> [TASK DIRECTIONS]
An exact copy of the entries below is needed, with every picture left out.

[[ DATA EXTRACT, beginning ]]

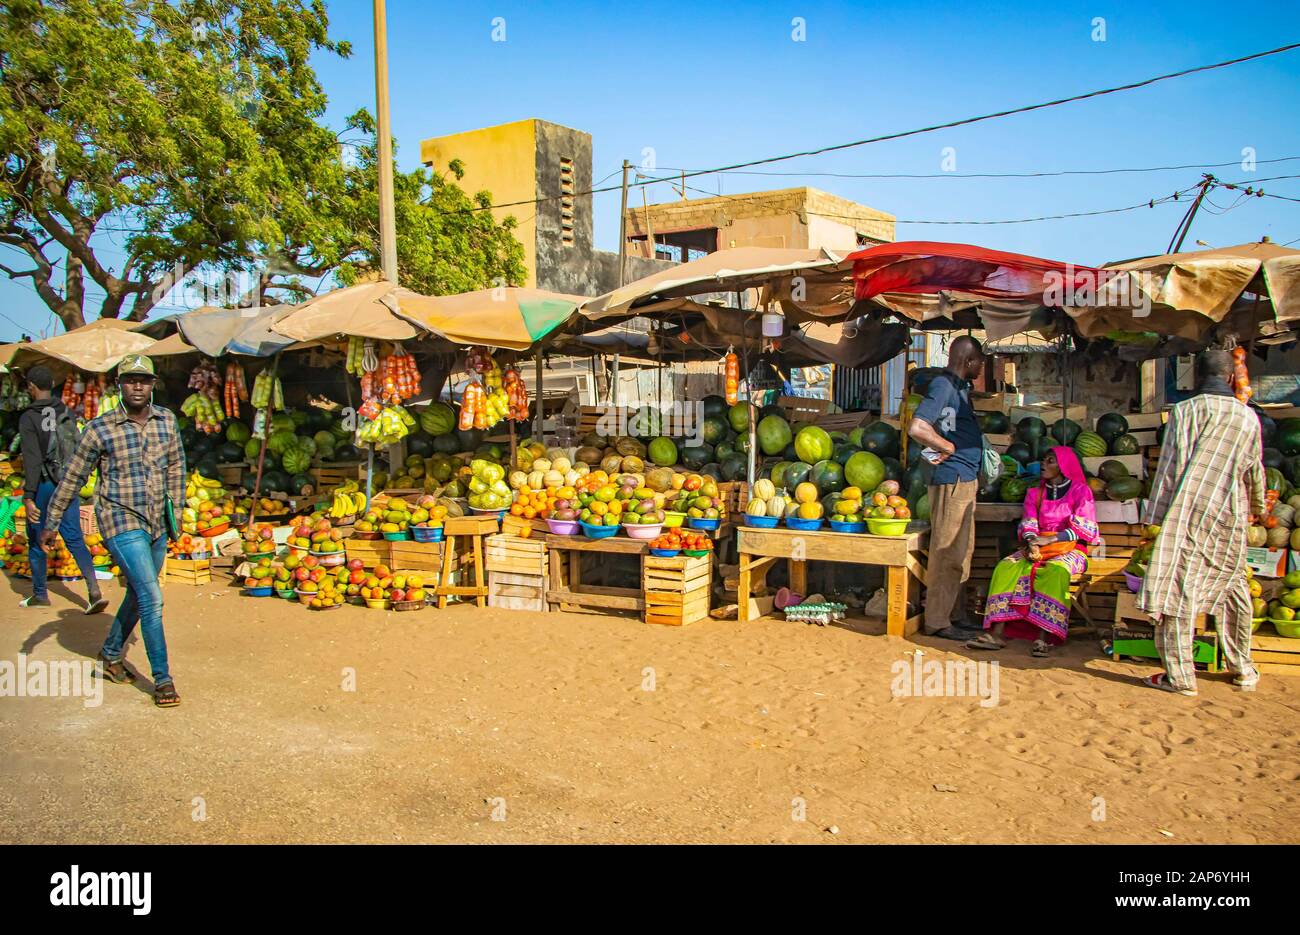 MBour, Senegal, AFRICA - April 22, 2019: Street fruit market where locals sell tropical fruits like melons, mangoes, oranges, lemons and more. I Stock Photo
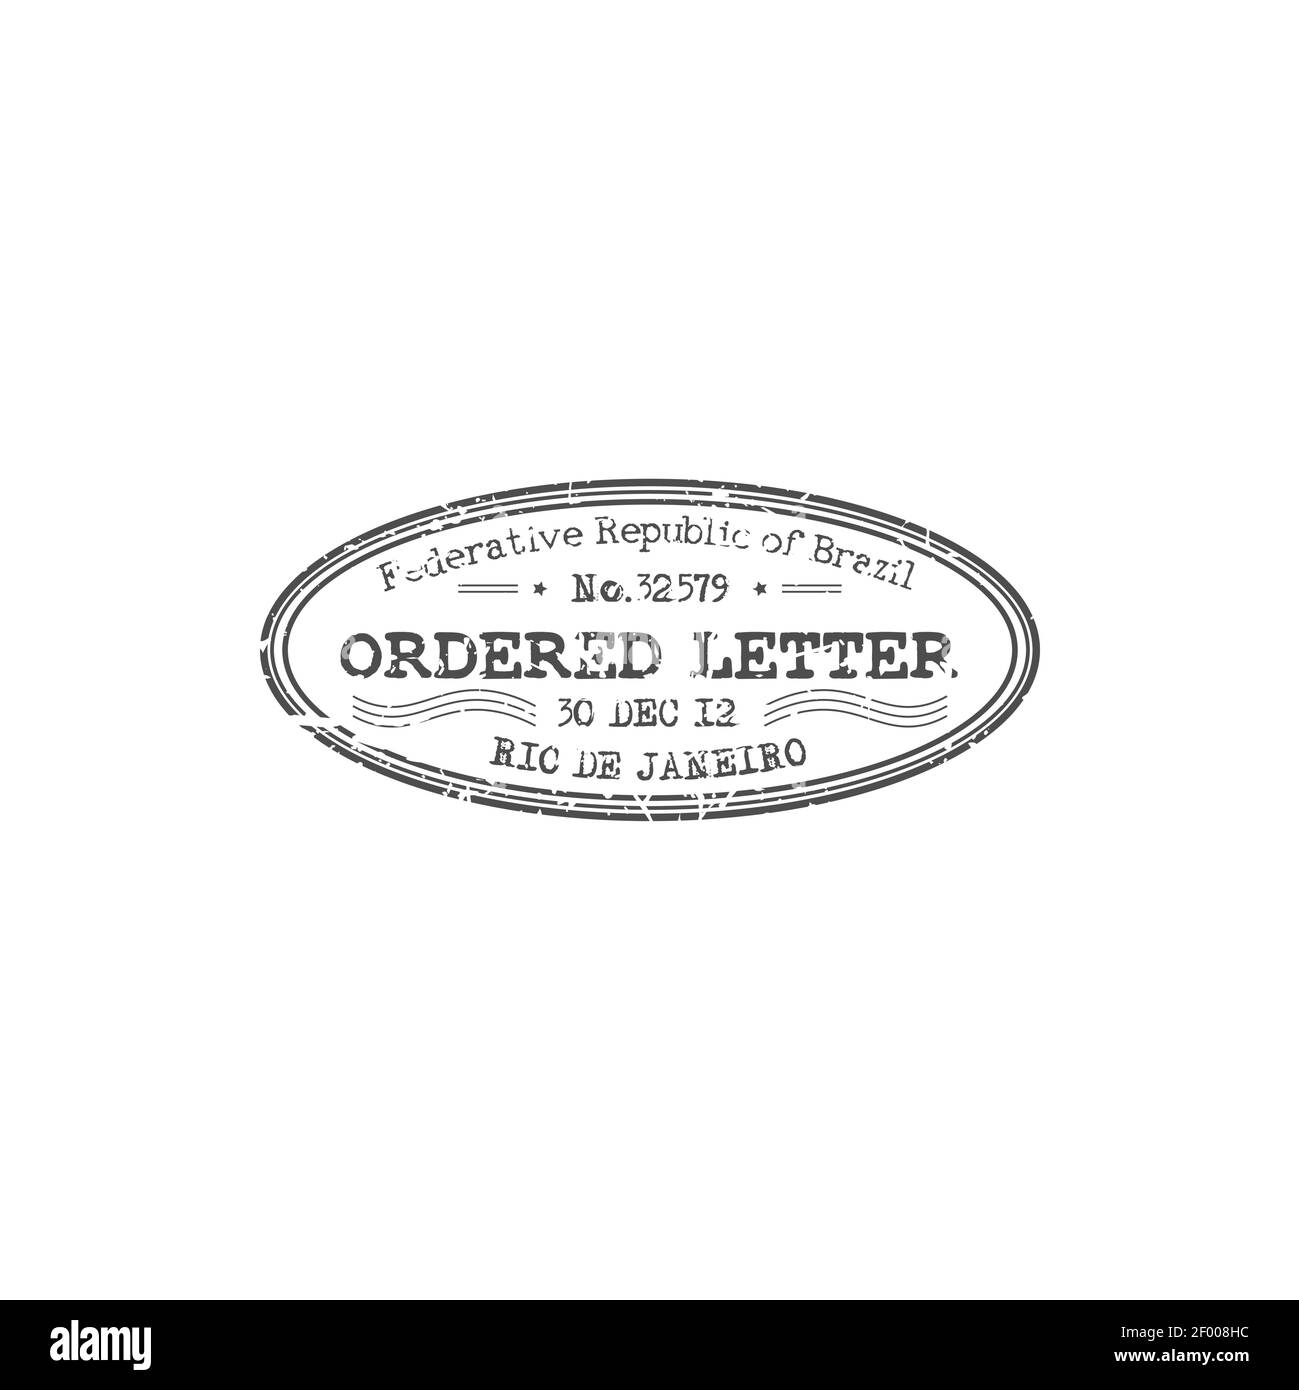 Ordered Letter Stamp Of Federative Republic Of Brazil Isolated Template Vector Rio De Janeiro 9243
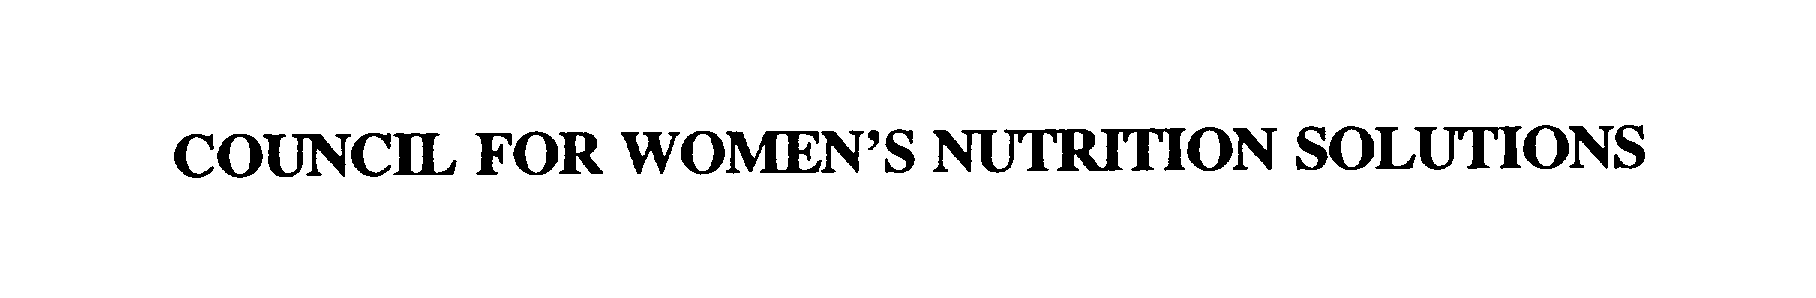 COUNCIL FOR WOMEN'S NUTRITION SOLUTIONS
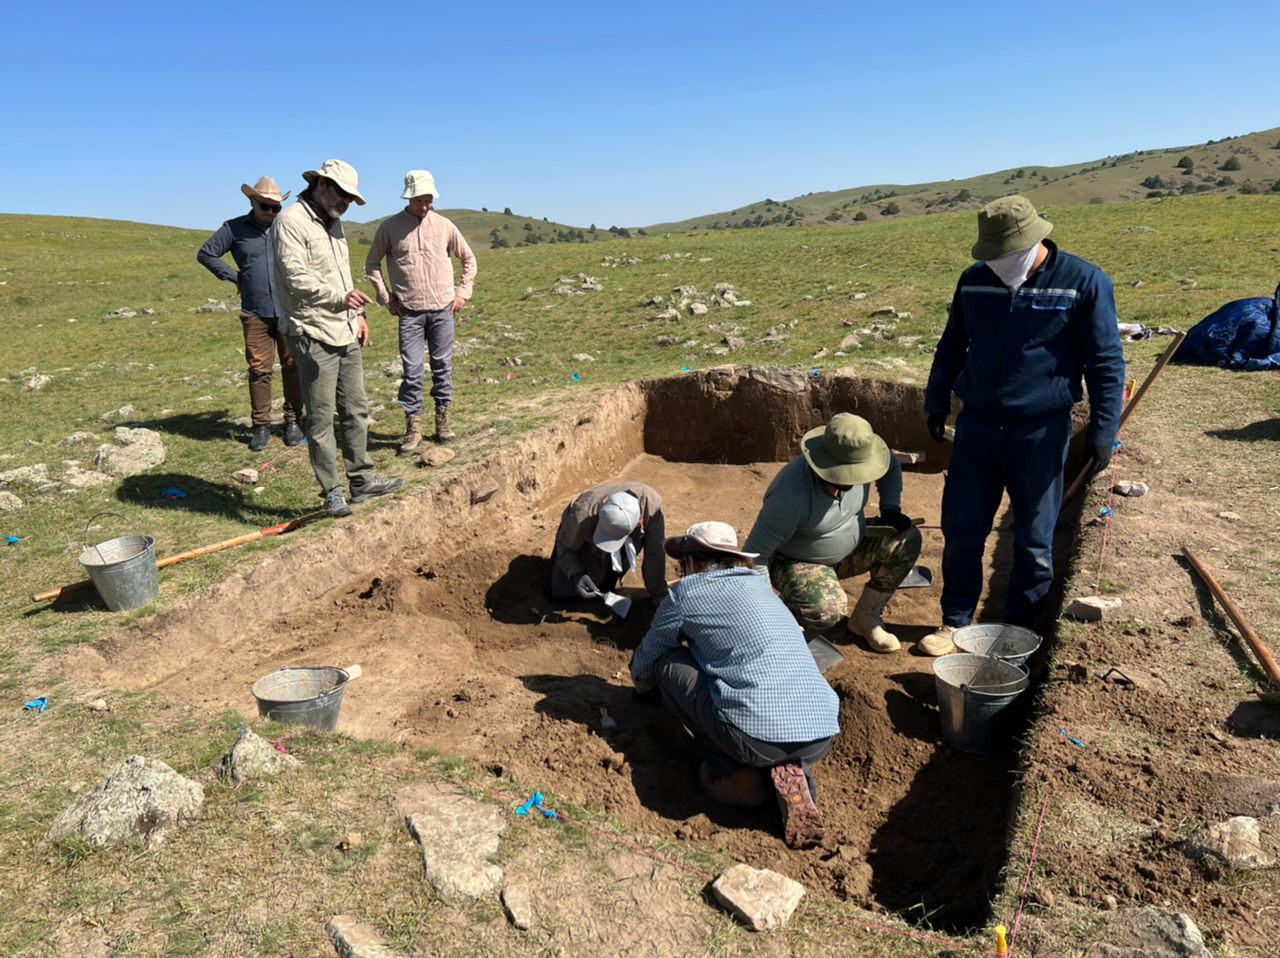 Comprehensive research at the archaeological site of Tugunbulak
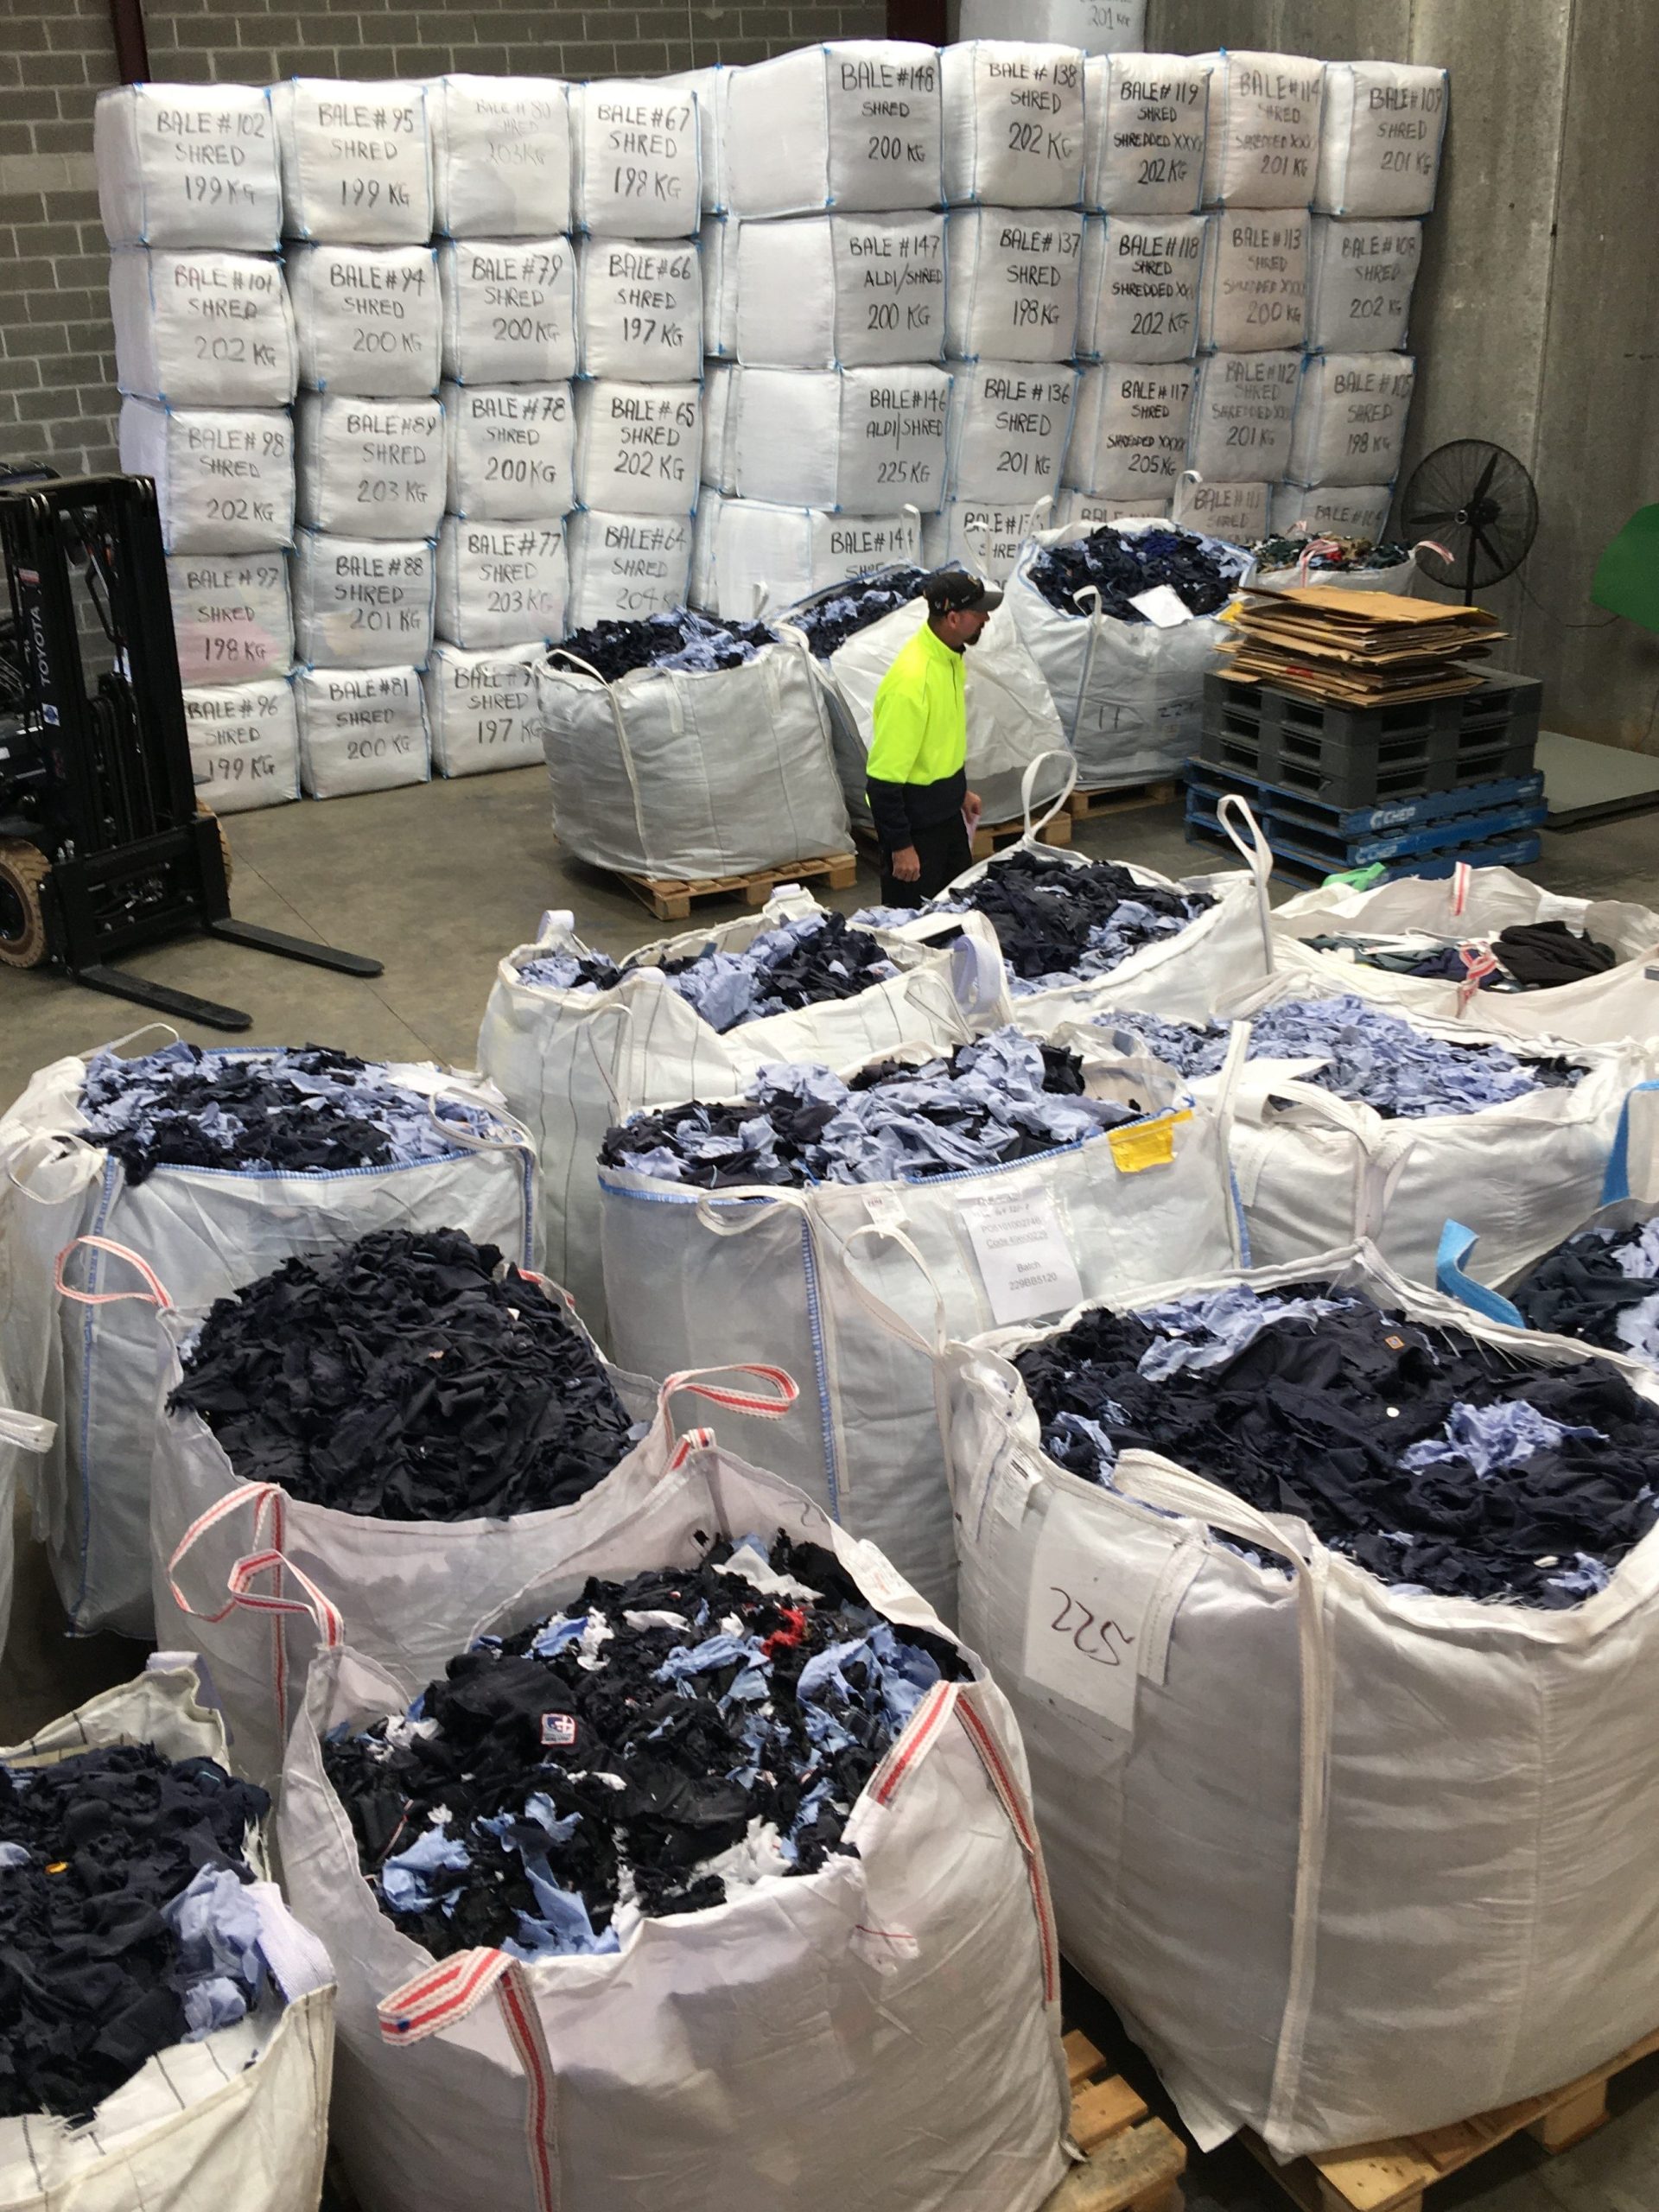 Sustainable Uniforms and Uniform Recycling - an Image of Inside a Textile Recycling Warehouse. Old Uniforms Are Pictured Within Bags Awaiting Recycling.

[[ DATA EXTRACT, end ]]

> [WRITTEN RESPONSE]
 MBour, Senegal, AFRICA - April 22, 2019: Street fruit market where locals sell tropical fruits like melons, mangoes, oranges, lemons and more. I Stock Photo
 Ordered Letter Stamp Of Federative Republic Of Brazil Isolated Template Vector Rio De Janeiro 9243
 COUNCIL FOR WOMEN'S NUTRITION SOLUTIONS
 Comprehensive research at the archaeological site of Tugunbulak
 Sustainable Uniforms and Uniform Recycling - an Image of Inside a Textile Recycling Warehouse. Old Uniforms Are Pictured Within Bags Awaiting Recycling.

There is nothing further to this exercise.